Should the radiologist be unsatisfied with the content or the formatting of the document, he can make changes thereto at will. For example, he can dictate the following commands into the speech recognition device 1 :

"Patient name" (in command mode)

"italic" (in command mode)

"Clinical information" (in command mode)

"italic underline" (in command mode) "Summary" (in command mode)

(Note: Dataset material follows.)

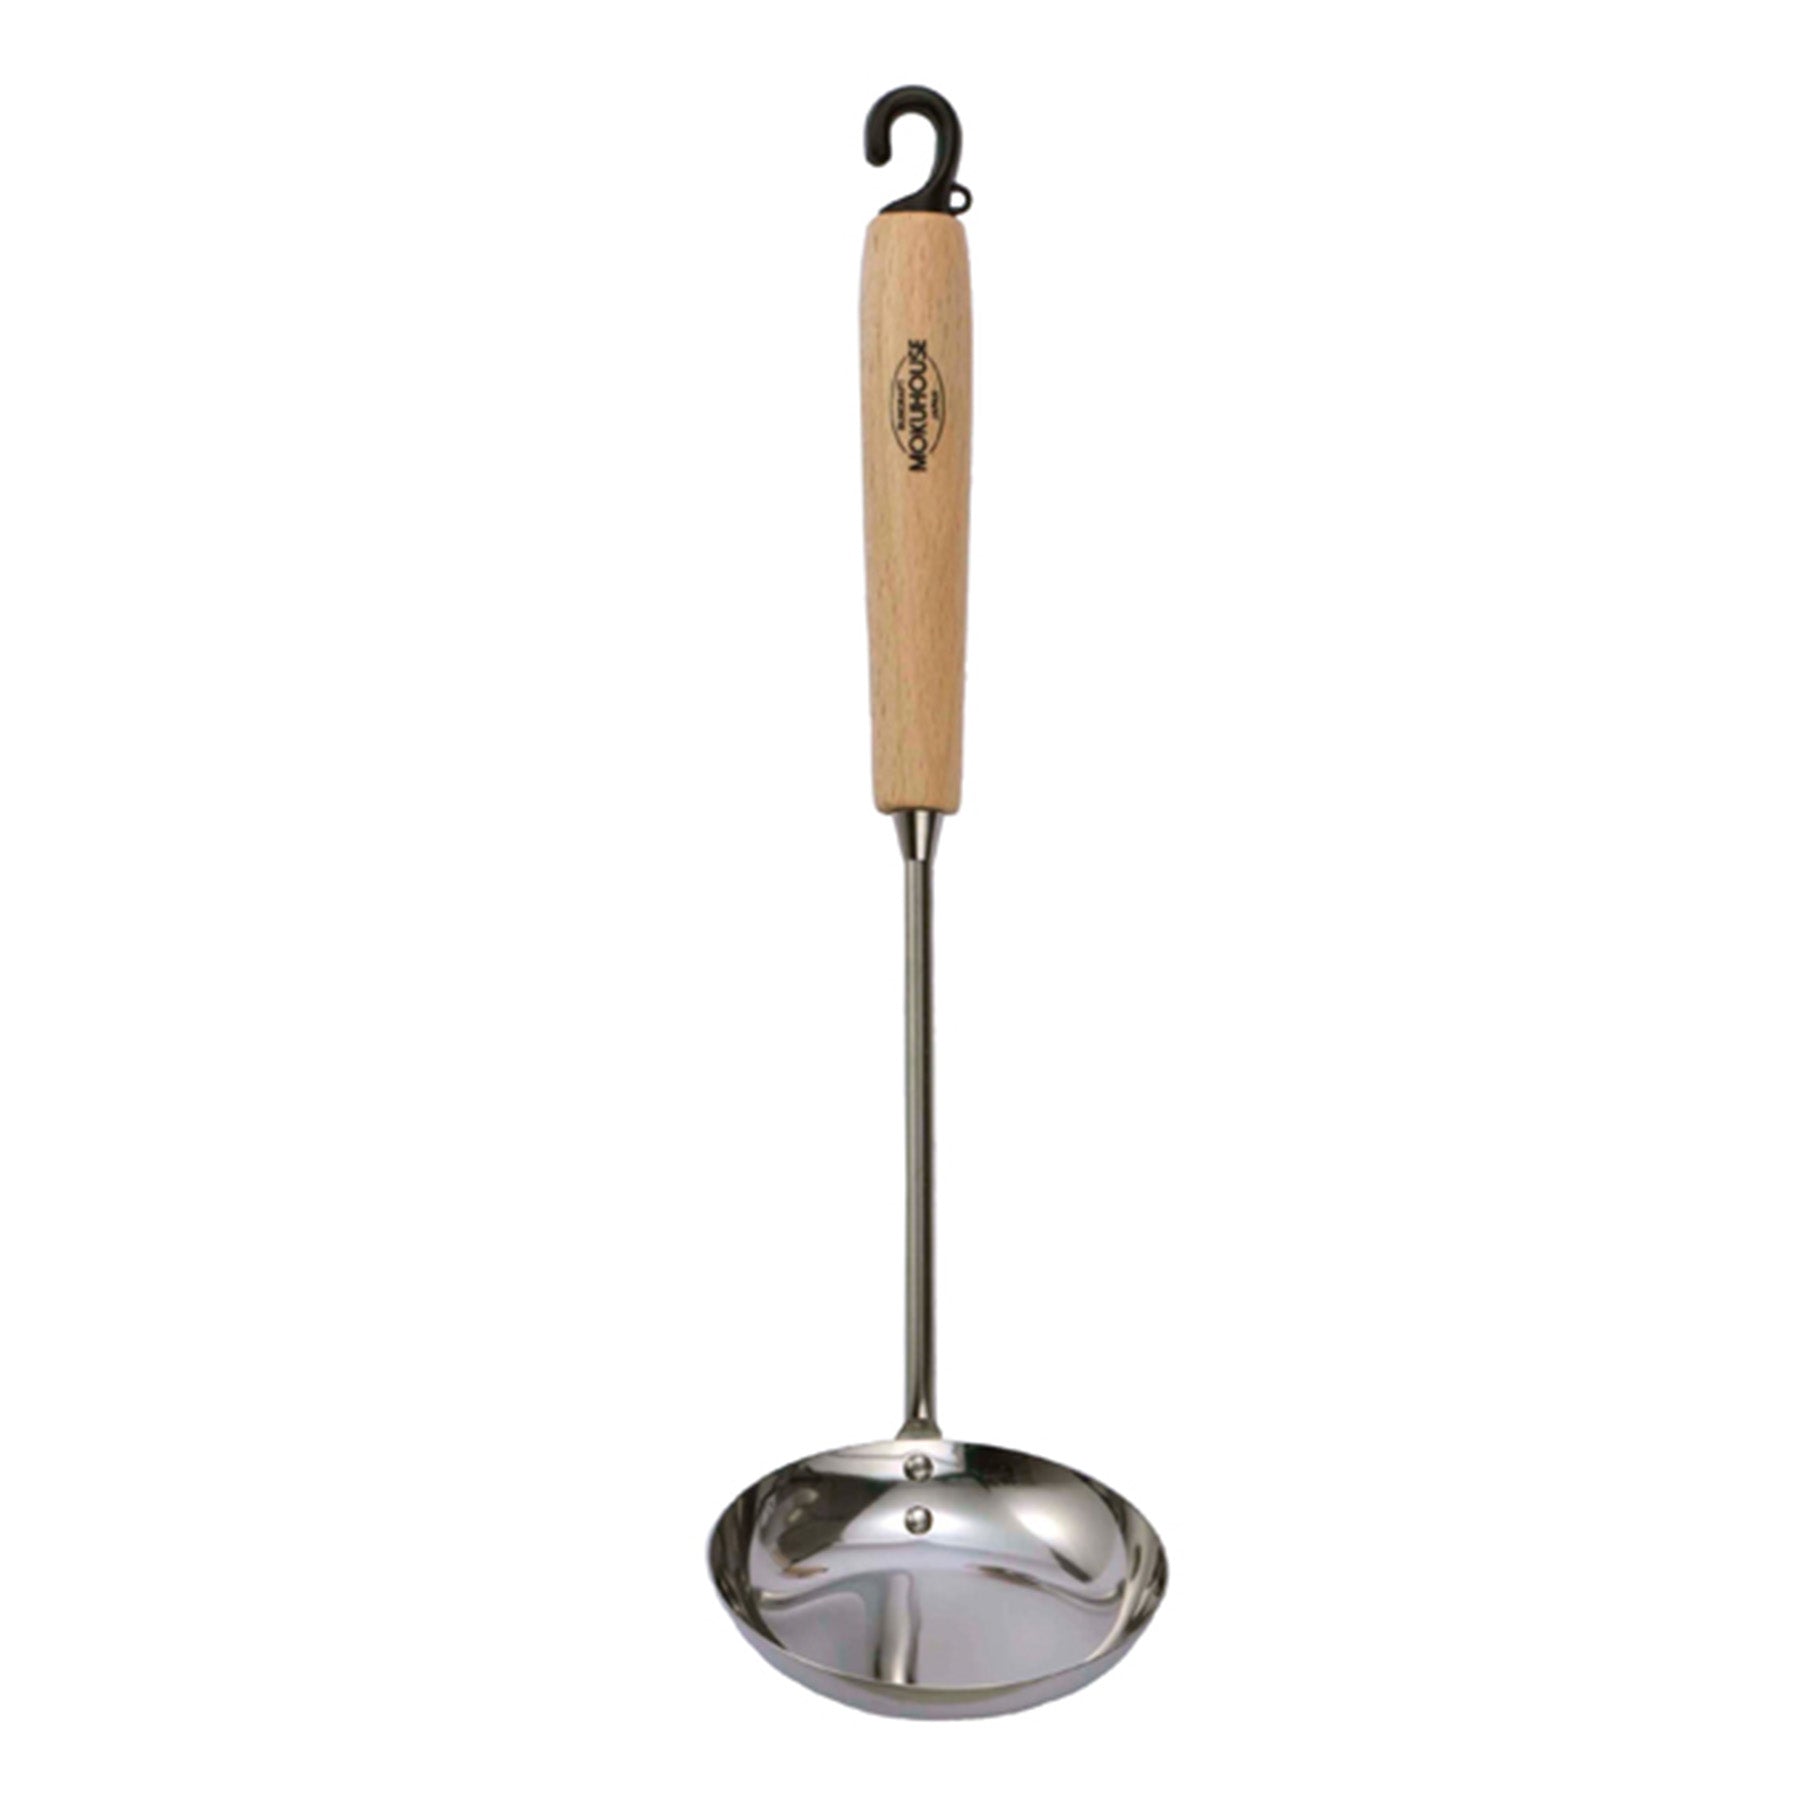 Soup ladle with handle, Silver Size: 24 cm.

"italic underline" (in command mode)

Once the commands have been processed by the speech recognition means 7, the result is the representation shown in Fig. 4 for the document DK. It should be understood that this is only a simple example of the possibilities that the invention provides, but that in fact all the processing possibilities of advanced speech recognition software are available to the user.

Claims

CLAIMS:

1. A speech recognition device (1) for processing a predefined form (2), wherein the speech recognition device (1) has speech recognition means (7) which can be fed a spoken text (GT) and transcribe it into a recognized text (ET), characterized by analysis means (12) for analyzing and converting the predefined form (2) into a form template (FV) having a data format which can be processed by the speech recognition means (7), wherein the form template (FV) and the recognized text (ET) can be combined by the speech recognition means (7) to form a document (DK).

2. A speech recognition device as claimed in Claim 1, characterized in that the predefined form (2) can be fed to the analysis means (12) as a computer file (3) and in that the analysis means (12) comprise a computer file recognition means (13).

3. A speech recognition device as claimed in Claim 2, characterized in that the computer file recognition means (13) comprise a computer file conversion means (14).

4. A speech recognition device as claimed in Claim 1, characterized in that the analysis means (12) comprise a scanner (4) and character recognition means (15).

5. A speech recognition device as claimed in Claim 1, characterized in that the combining of the form template (FV) and of the recognized text (ET) by the speech recognition means (7) comprises the filling out of at least one text field (22) in the form template with recognized text.

6. A speech recognition method for processing a predefined form (2), comprising the reception of spoken text (GT) and the transcribing of the spoken text into a recognized text (ET), characterized by the steps of: analyzing the predefined form (2) and converting it into a form template (FV) having a data format which corresponds to that of the recognized text (ET), and combining the form template (FV) and the recognized text (ET) to form a document (DK).

7. A speech recognition method as claimed in Claim 6, characterized in that the analyzing of the predefined form (2) comprises the reading in of the form (2) by a computer file (3) and recognitions of the file type of the computer file.

8. A speech recognition method as claimed in Claim 7, characterized in that the analyzing of the predefined form comprises the conversion of the read-in computer file (3) into a different data type.

9. A speech recognition method as claimed in Claim 6, characterized in that the analyzing of the predefined form comprises the scanning of the form and recognition of form text from the data (BF) obtained during the scanning.

10. A speech recognition method as claimed in Claim 6, characterized in that the combing of the form template (FV) and of the recognized text (ET) comprises the filling out of at least one text field (22) in the form template with recognized text.